Тундра сделалась пестрой: кочки черные, впадины белые, а луга, бугры и возвышенности то коричнево-желтые, то оливково-серебристые.

Птицы улетели. Остались лишь гаги, плавающие по водам бухты, и бесчисленные стада куропаток, пасущихся на солнечных склонах холмов.

Губа живет и плещется.

Ночами мороз сковывает лужи на отмелях узорным льдом. Прилив этот непрочный ледок разбивает и относит на береговой песок. Так, ежедневно по два раза прибирая ледяной мусор, приливы образовали вдоль всего берега вал, вышиною местами в метр. Это первый торос. Он хрупок. Станешь ногой — с хрустом ломается, проваливается.

В бухту заходят иногда белухи по несколько штук. Должно быть загоняют рыбу и охотятся. Частенько появляются тюлени и из любопытства подплывают близко к берегу. Уставятся глазами на постройки фактории, на лающих собак, на людей и подолгу не уплывают. Повидимому, очень любопытный зверь.

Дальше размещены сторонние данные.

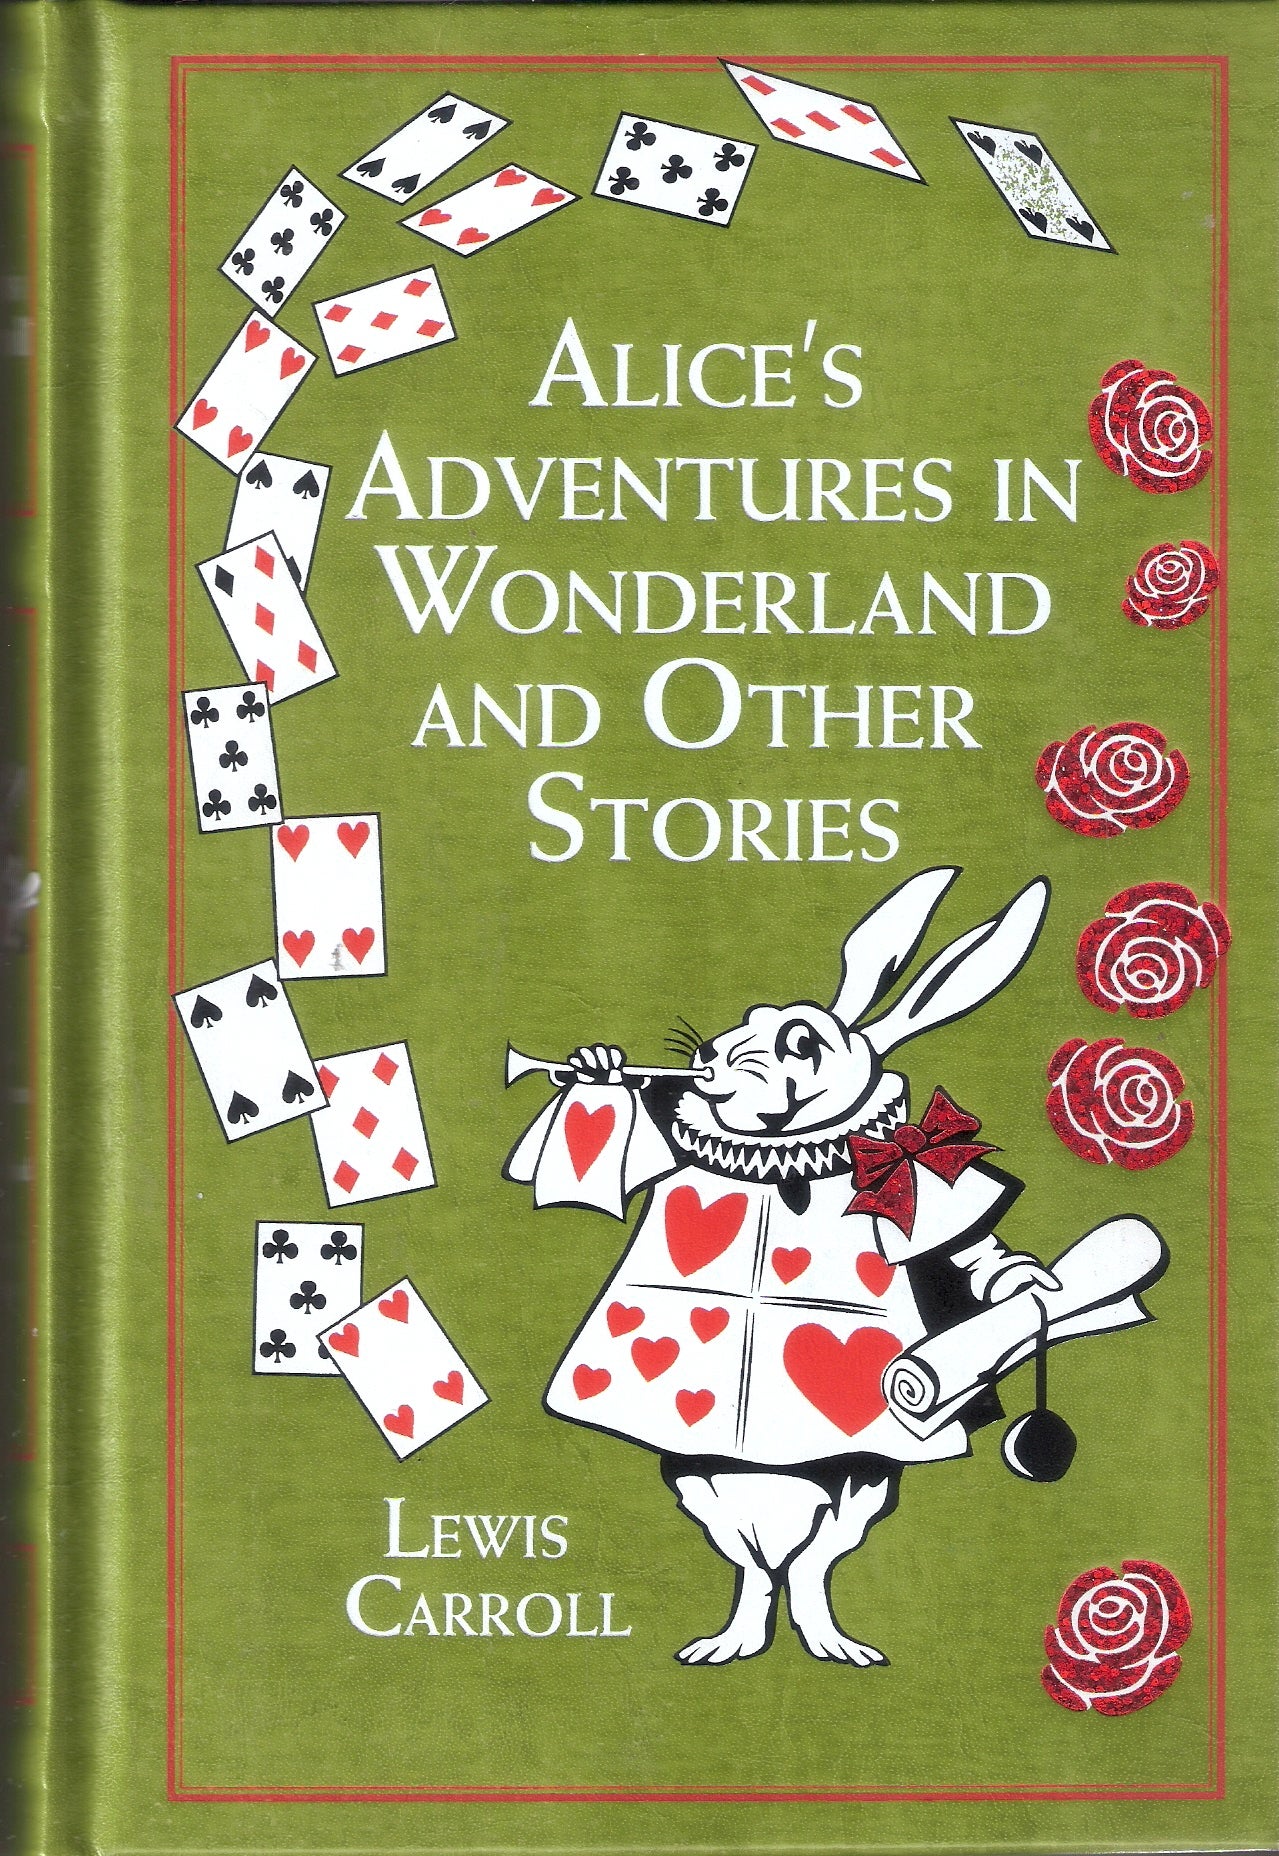 Carroll　and　1st　Lewis　Edition　Other　Stories　in　Adventures　Alice's　Wonderland

Мы подстерегаем их с ружьями, неоднократно стреляли, ни одного, впрочем, не убив. Лично я против такой бессмысленной пальбы. Она отпугивает зверя. Он может быть приучился бы выходить на берег или отдыхать на отмелях. В отлив зазевавшиеся или заснувшие тюлени оказались бы на суше и тогда охота на них могла бы дать результаты. А так получается лишь вред и ребяческая трата зарядов…

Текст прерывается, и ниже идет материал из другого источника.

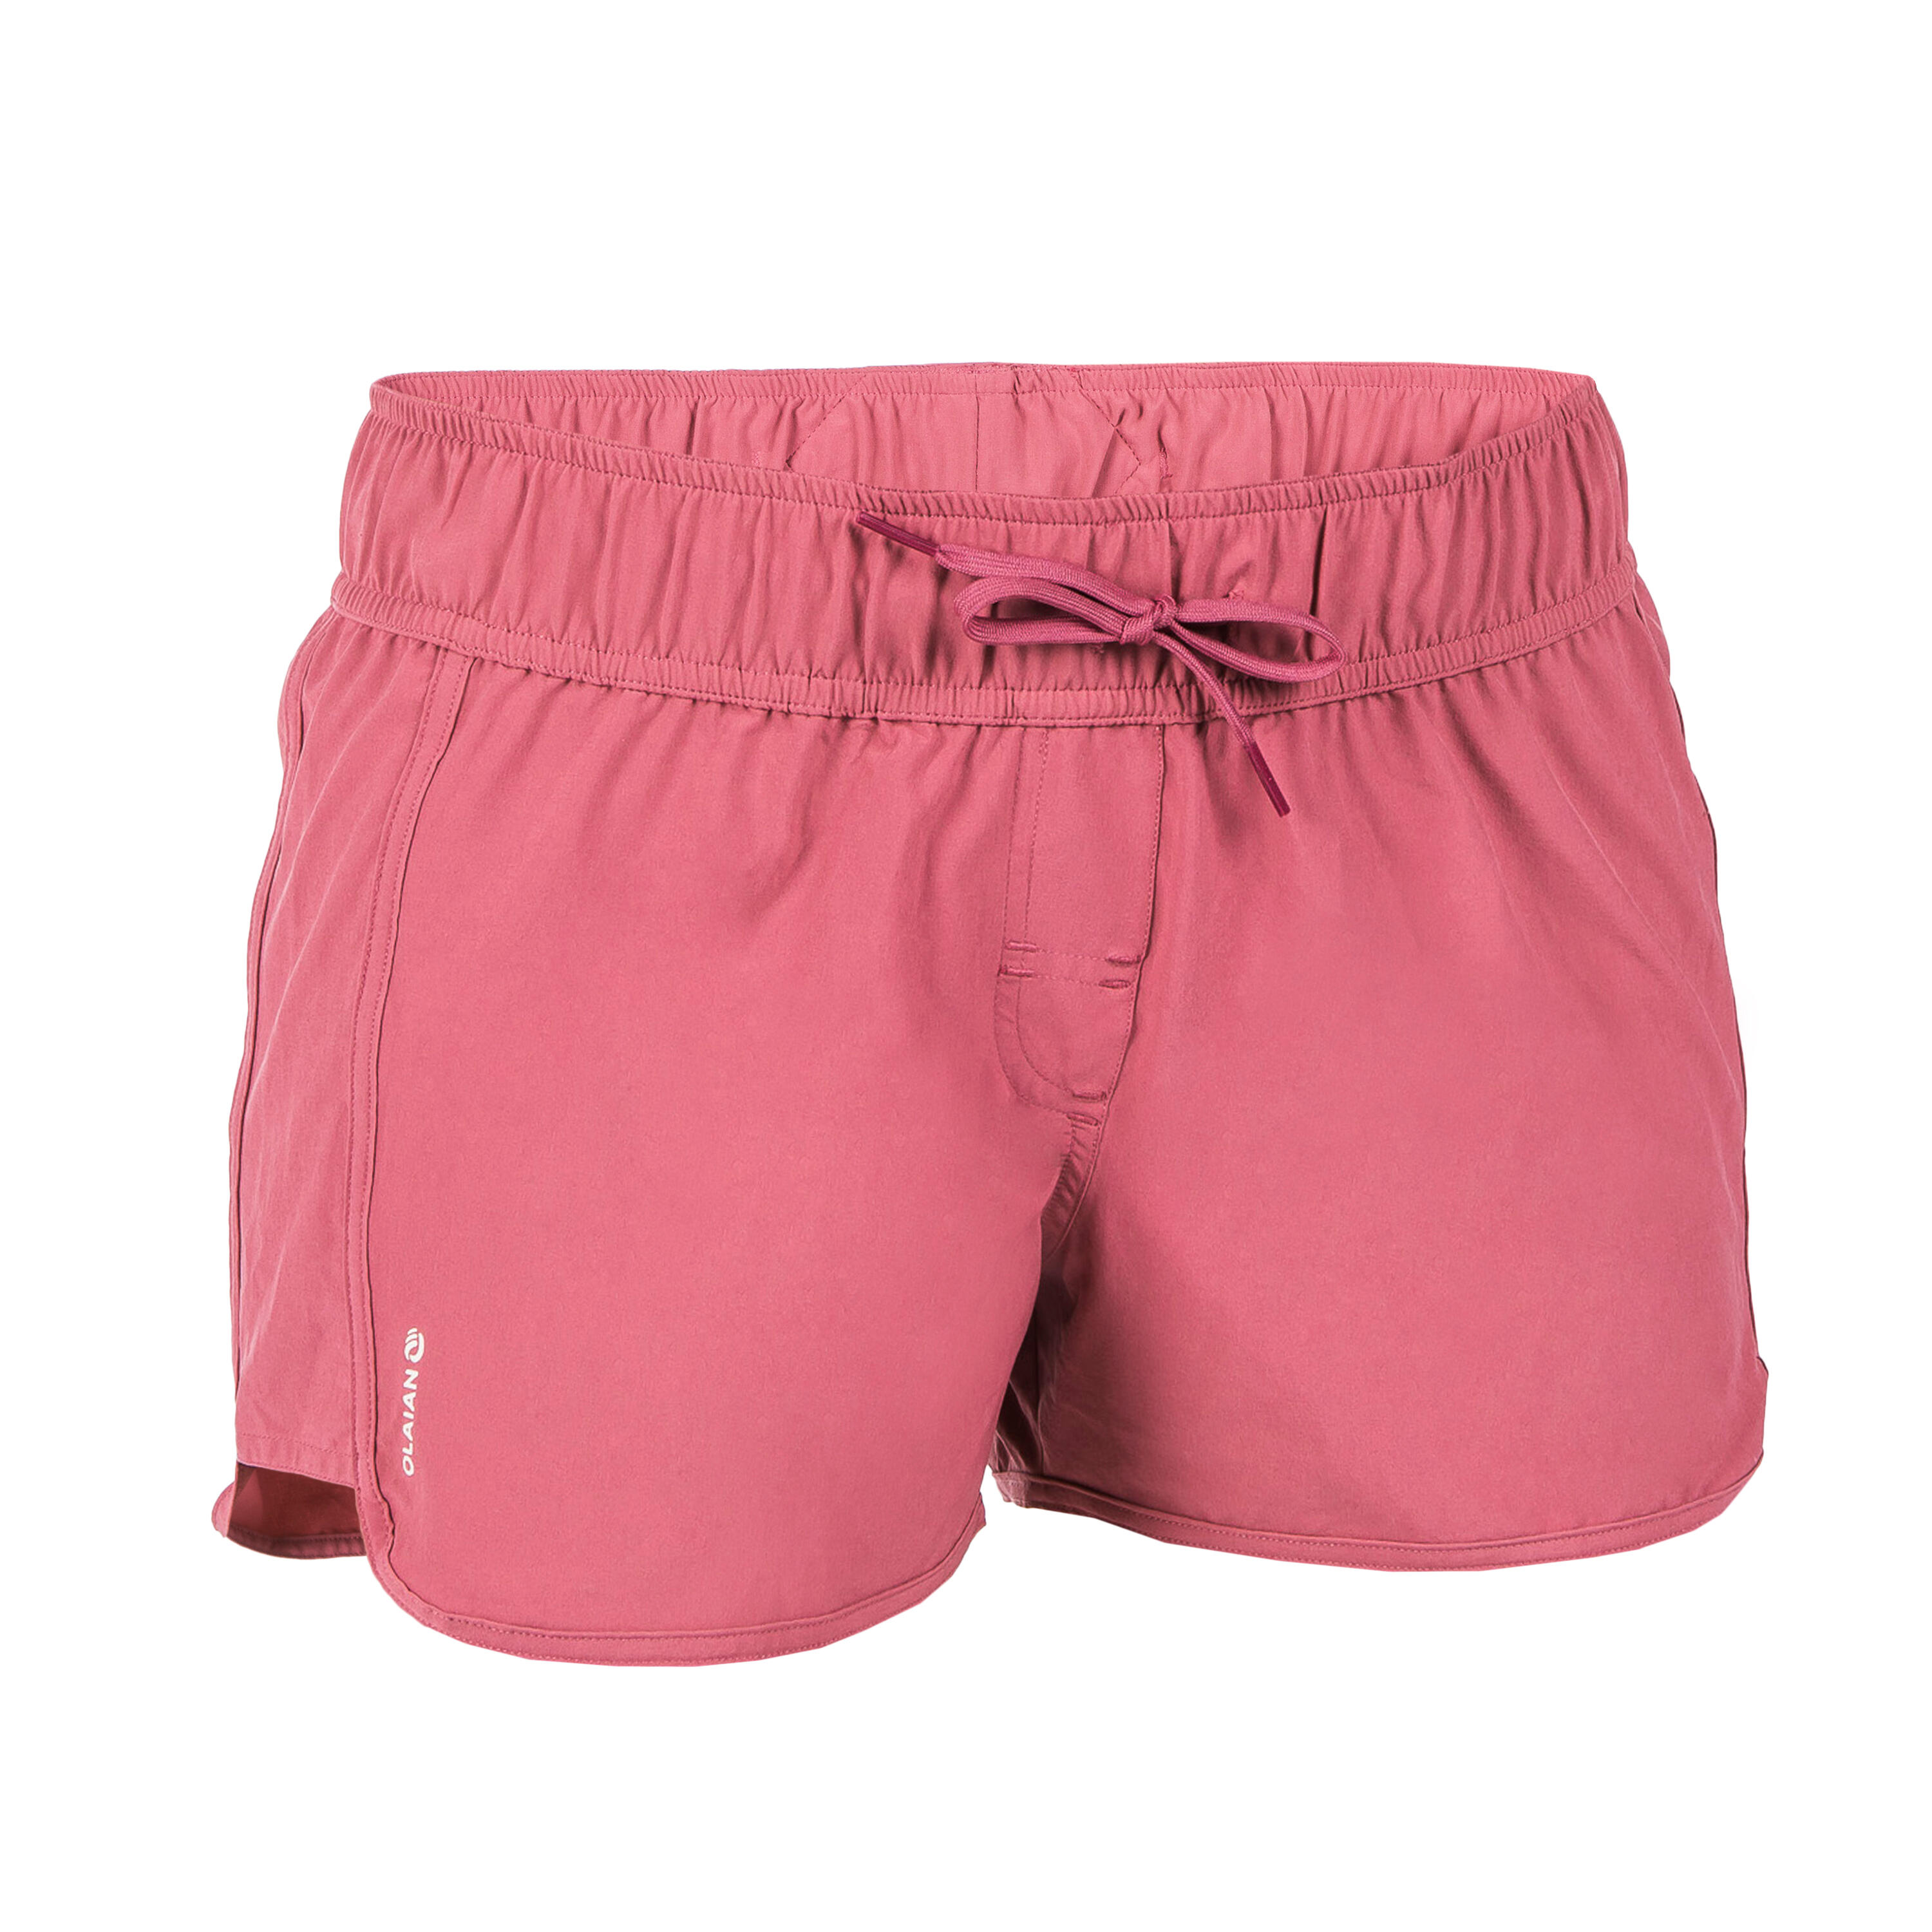 Women's Surfing Boardshorts with Elasticated Waistband and Drawstring TINI PINK 3/12

У Наташи Тусида есть брат мальчик — лет двенадцати, по имени Васька. Очень смышленый парнишка. Он с изумительной быстротой и легкостью усваивает фонетику русской речи. В первый же приезд на факторию обучился от наших женщин счету до пятидесяти. Отдельные фразы, иногда длинные и сложные, выговаривает без запинки, не пропуская ни одного звука, хотя смысла слов не понимает. Нас способности мальчика очень заинтересовали.

Аксенов повел переговоры с Васькой Тусида и с матерью Васьки, чтобы отпустили мальчика жить на факторию. Я взялся обучить его разговорному языку и грамоте. Сам Васька принял это предложение без колебаний, даже с радостью, и старшие охотно согласились.

Однако в следующие наезды Ваньки и Наташи мальчика с ними не было. На вопросы отвечали уклончиво:

— Занят… не может… караулит оленей…

В дальнейшем выяснилось, что дома семья посовещалась и передумала — отдавать не хотят. Аксенов предлагал постоянную зарплату, харчи, экипировку. Мы втолковывали и Ваньке и женщинам все выгоды для мальчика обучиться языку и грамоте. Ничто не помогло. У старших есть свои доводы. Им необходим работник в семье для ухода за оленями. Васька уже и теперь самостоятельно окарауливает стада, умеет поймать оленя, запрячь, править нартами — работает за взрослого.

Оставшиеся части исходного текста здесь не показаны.